# COLLECTED MATERIAL
:::

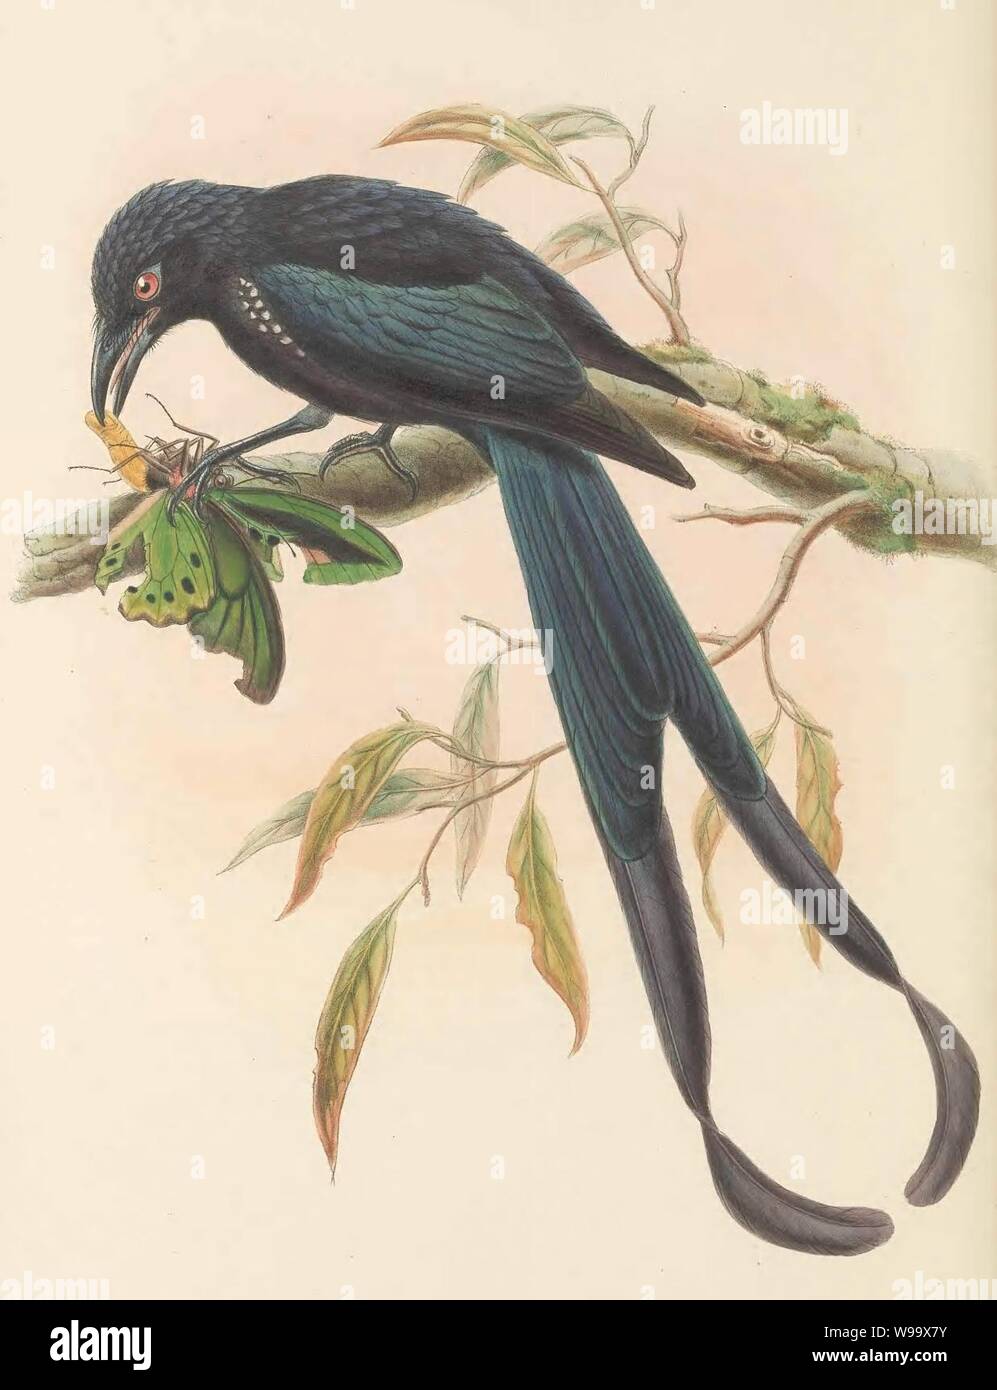 Dicranostreptus megarhynchus - The Birds of New Guinea (cropped). Stock Photo
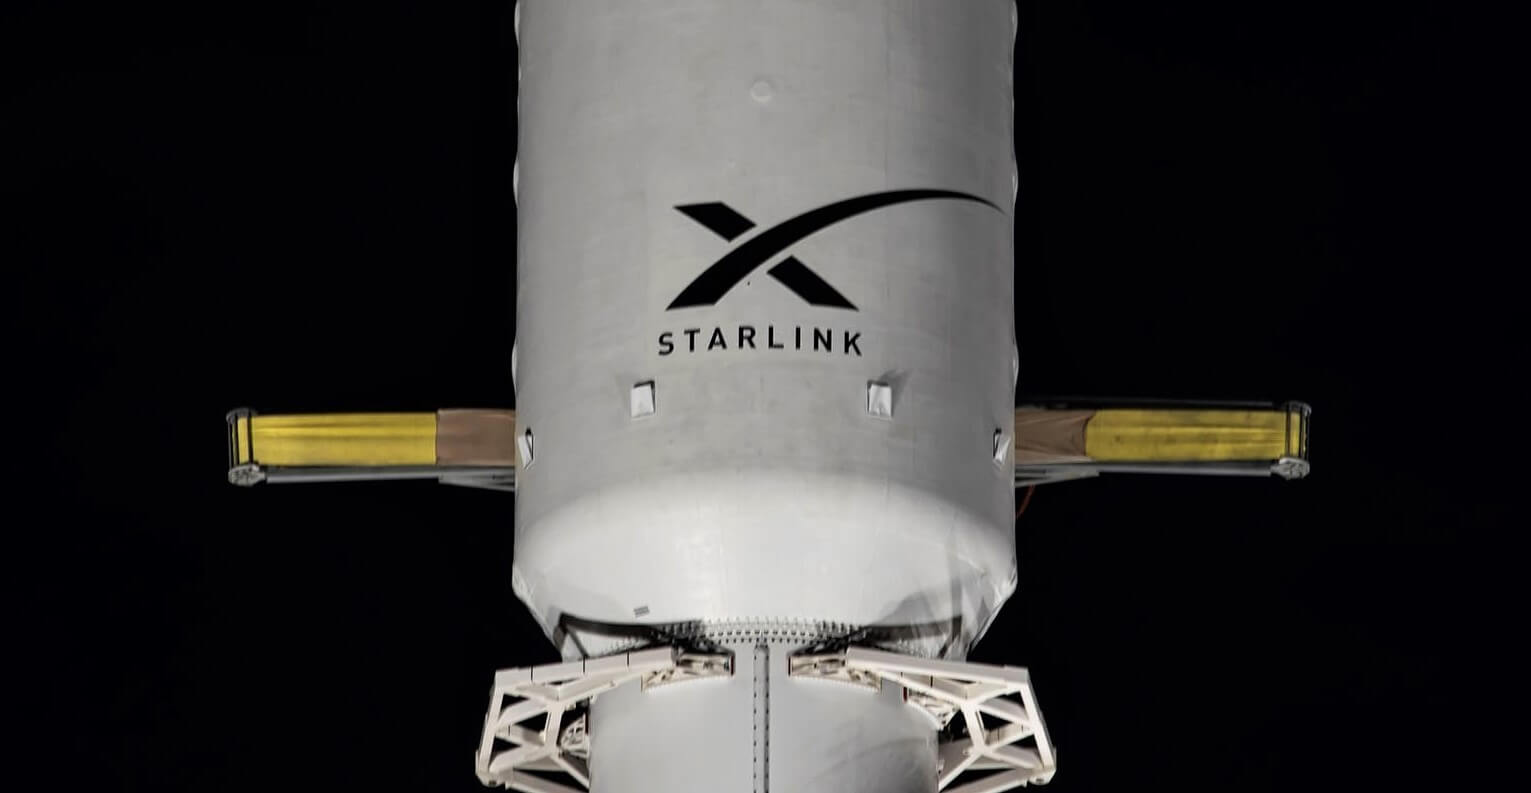 SpaceX寻求星链获得国际蜂窝服务试验的监管许可
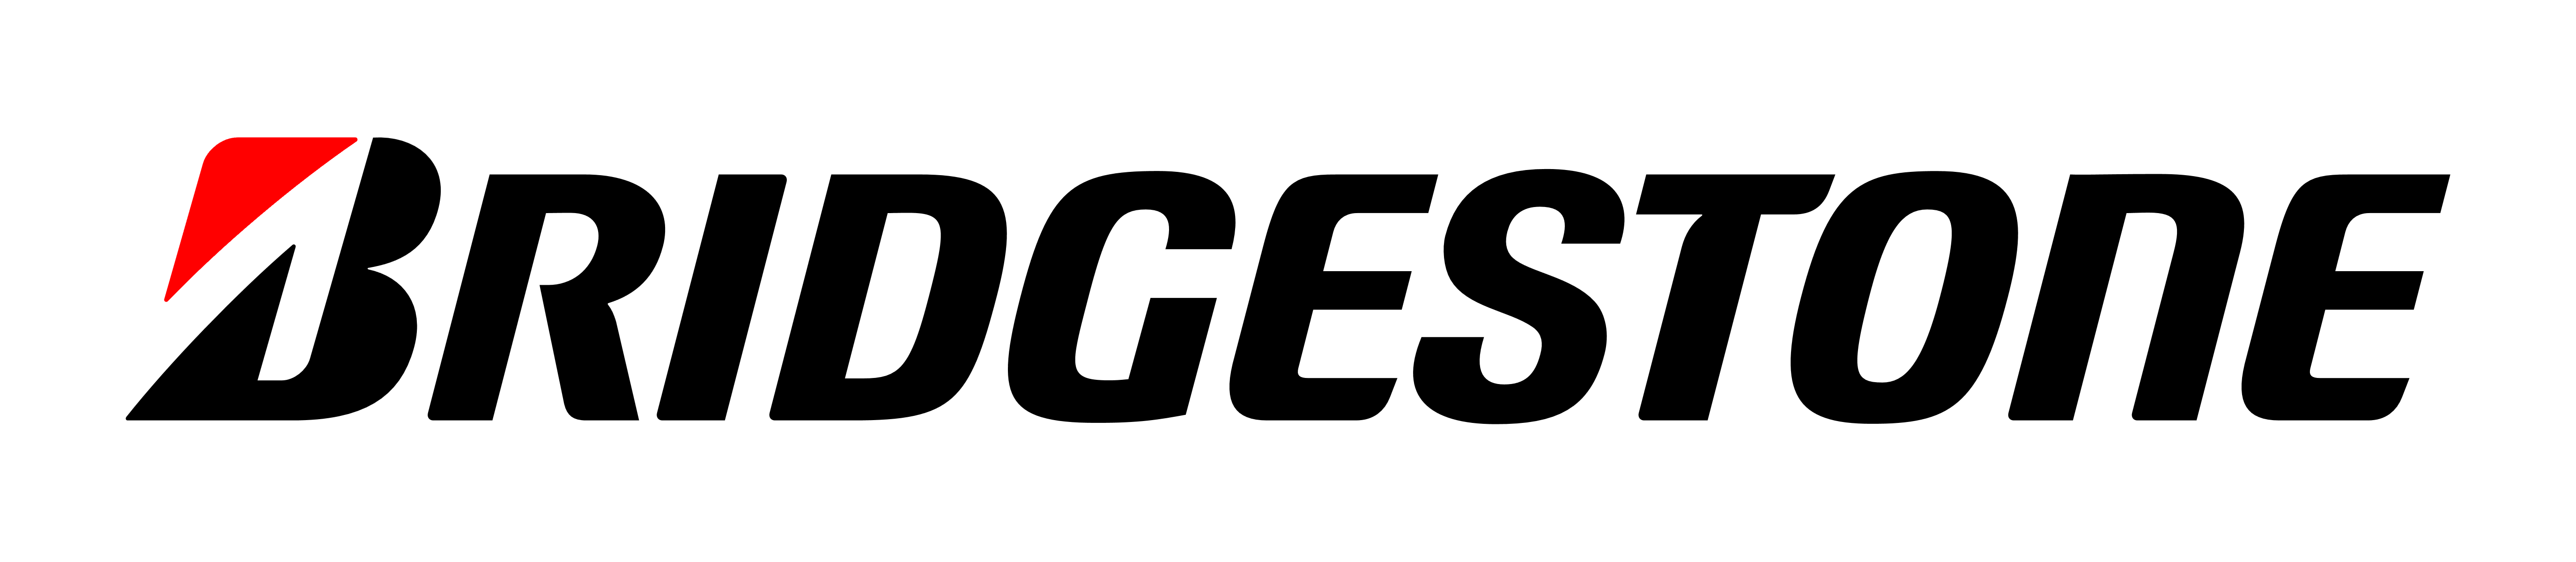 Bridgestone Logo, Png, Meanin

:::

# WORK REQUIRED
Exactly as written above, print every line of the data but not its pictures.

# EXERCISE ANSWER
 Dicranostreptus megarhynchus - The Birds of New Guinea (cropped). Stock Photo
 SpaceX寻求星链获得国际蜂窝服务试验的监管许可
 Bridgestone Logo, Png, Meanin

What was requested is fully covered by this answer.